# For Sale - Cipa Slip On Tow Mirrors



## joeymac (Aug 19, 2010)

For Sale....CIPA Slip on Tow Mirrors.
We used these about 5 times last year, but now have a new tow vehicle, and have no use for them. 
My lost is your gain. I will sell these for $35.00 for both plus shipping. Thats about 40% off of retail value. They are in excellent condition, and work great. See the details below. Note these will fit 2005 Ford F-150 XLT models. Pic

CIPA Mirrors

Extend your towing vision without blocking existing mirrors. 
• 
Fully adjustable Mirror slides over existing mirrors. 
• 
Aerodynamically shaped black ABS plastic housing eliminates wind noise and vibration. 
• 
15 1/2"L x 7"W x 3"D (dimensions vary by application). Made in the USA.

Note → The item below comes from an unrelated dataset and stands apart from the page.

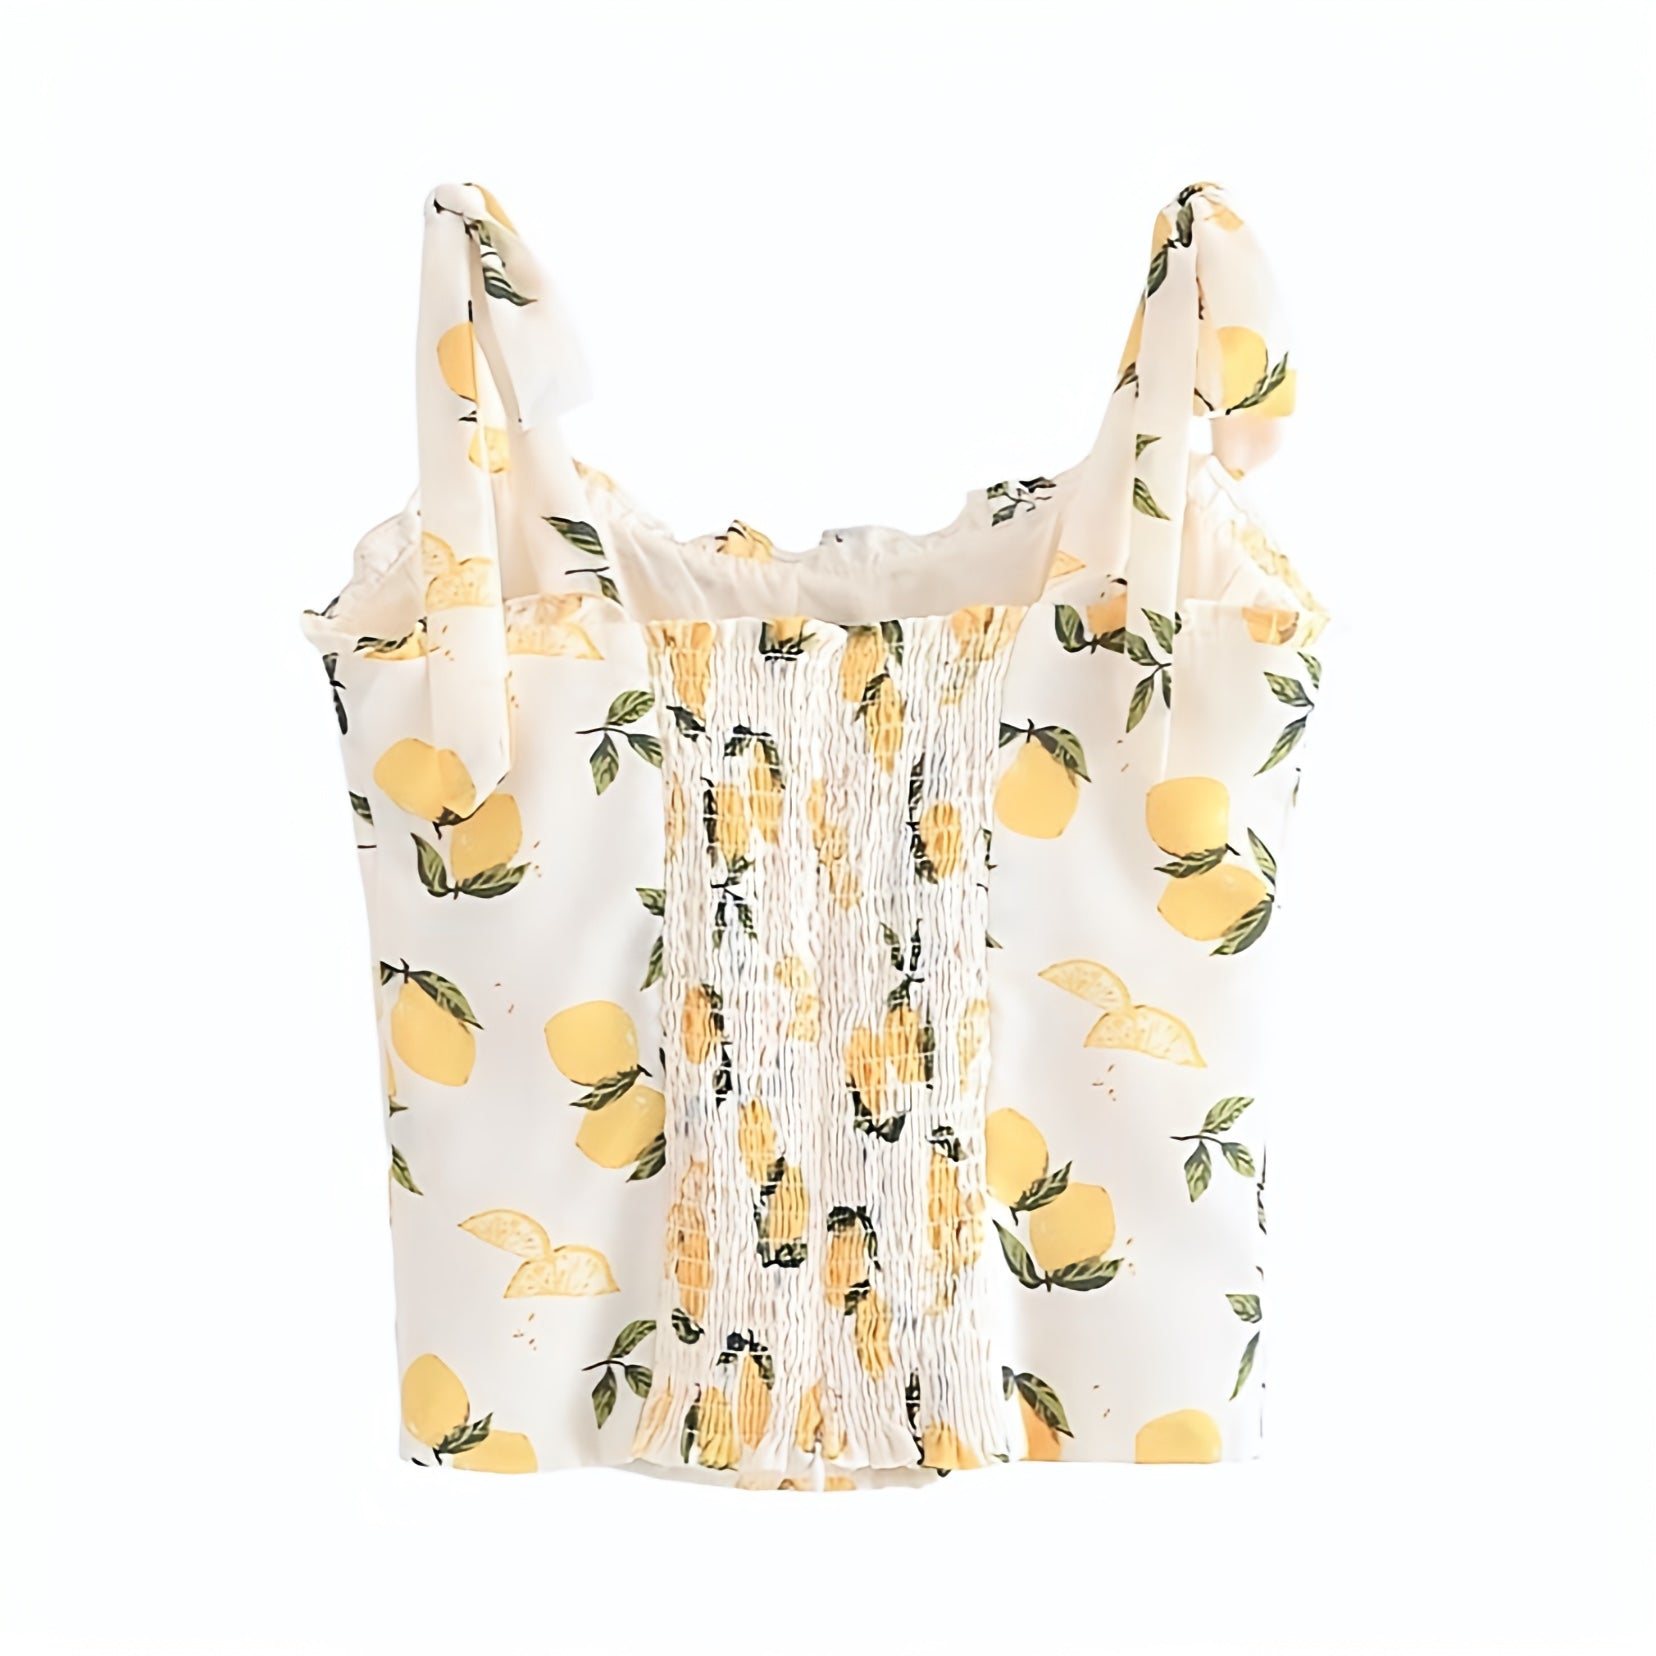 lemon-print-patterned-white-yellow-green-multi-color-slim-fit-bodycon-corset-bustier-ruffle-trim-sweetheart-neckline-spaghetti-strap-sleeveles-backless-open-back-crop-camisole-tank-top-blouse-shirt-women-ladies-teens-tweens-chic-trendy-spring-2024-summer-elgeant-casual-feminine-preppy-style-beach-wear-european-vacation-tops-altard-state-zara-aritzia-revolve-princess-polly-urban-outfitters-dupe

Vehicle Specifications CIPA Item Detail 
Make: Ford

Model: Ford F150/250 XLT Models

Year: 2005

Mirror: Driver and Passenger Sides

Notes: Will not fit STX-Style Mirrors Driver Side SKU: 27338
Member Price: $27.99 
Regular Price: $31.10

Passenger Side SKU: 27339
Member Price: $27.99


----------



## SLO250RS (Mar 11, 2010)

Do you still have these for sale?let me know. Thanks


----------



## joeymac (Aug 19, 2010)

SLO250RS said:


> Do you still have these for sale?let me know. Thanks


Sent you a PM


----------